A Maryland mother was ordered to give her breastfed infant formula at father’s request because the judge considered “giving a father time with his child is more important than breastfeeding a baby.”
Mom’s milk is powerful stuff, so is the relationship between dad and the baby. It is unfortunate that parents have to choose between the two. Of course, in this case, the couple are separated and embroiled in a court battle.
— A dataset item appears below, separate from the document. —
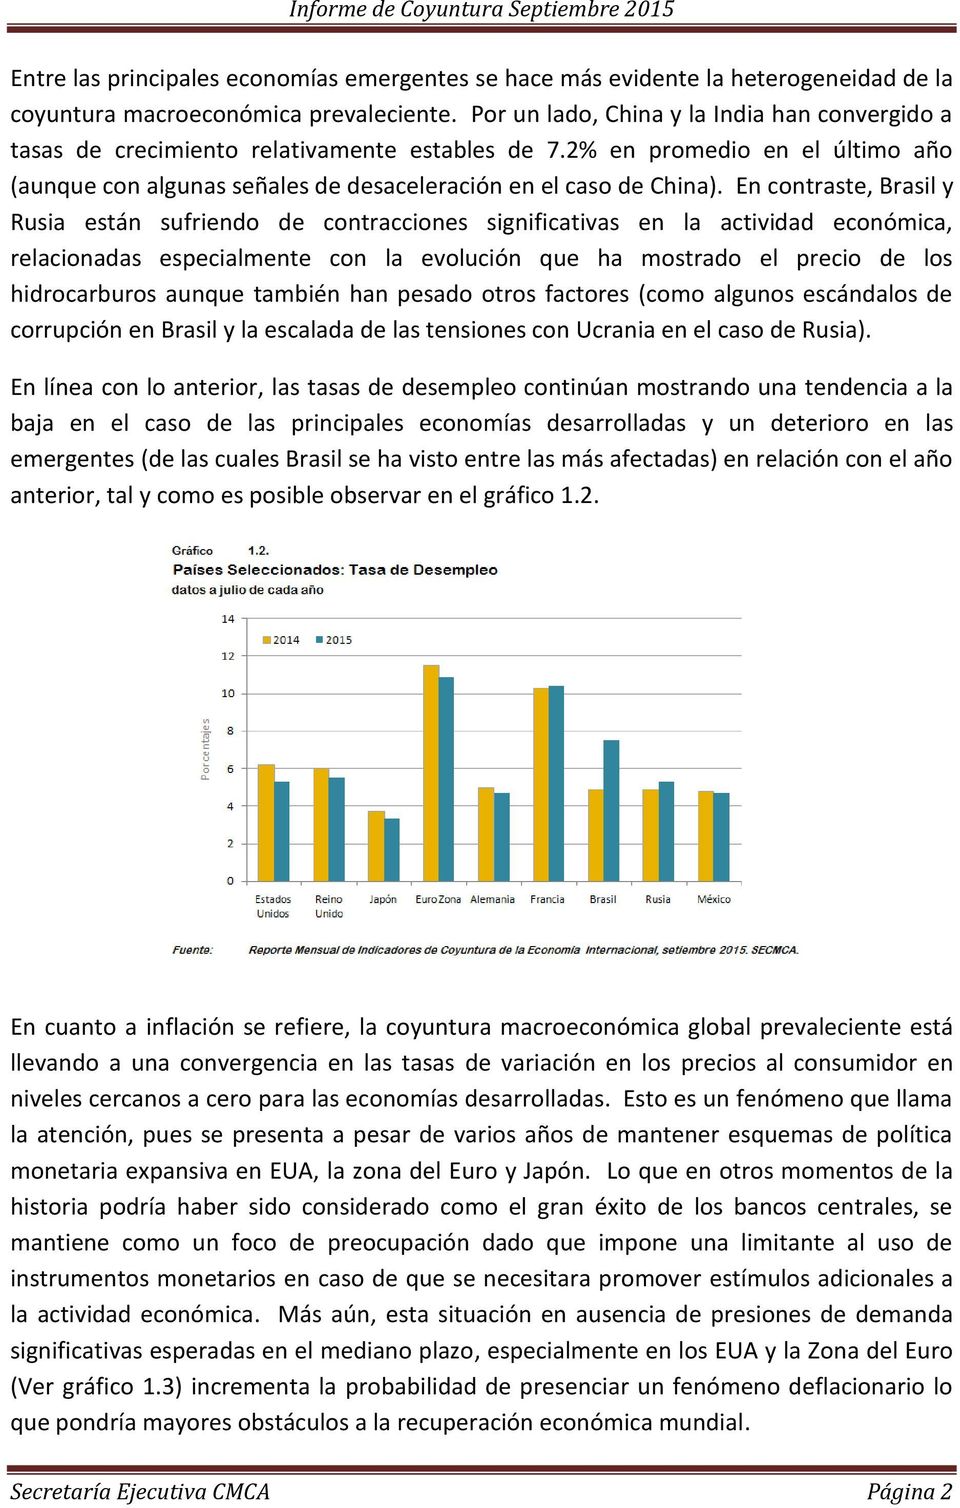 En contraste, Brasil y Rusia están sufriendo de contracciones significativas en la actividad económica, relacionadas especialmente con la evolución que ha mostrado el precio de los hidrocarburos

But, in most cases, there shouldn’t be any conflicts between breastfeeding and father-baby-time. In fact, breastfeeding can help dad build a meaningful relationship with the baby.
Breastfeeding takes teamwork. Research shows that moms whose partners support their breastfeeding efforts breastfeed longer. As a dad, there are many ways you can be helpful.
During pregnancy, you can encourage mom to make a breastfeeding plan and set goals, letting her know that you’ll be there to help along the way. You can plan the delivery together, that means choosing a doctor and hospital that supports breastfeeding, going to doctor’s appointments, and going to prenatal classes. You can tour hospitals or birthing facilities together and choose one that supports their breastfeeding goal. You can also start learning about baby behavior so that you’ll be prepared to help the mom when baby comes.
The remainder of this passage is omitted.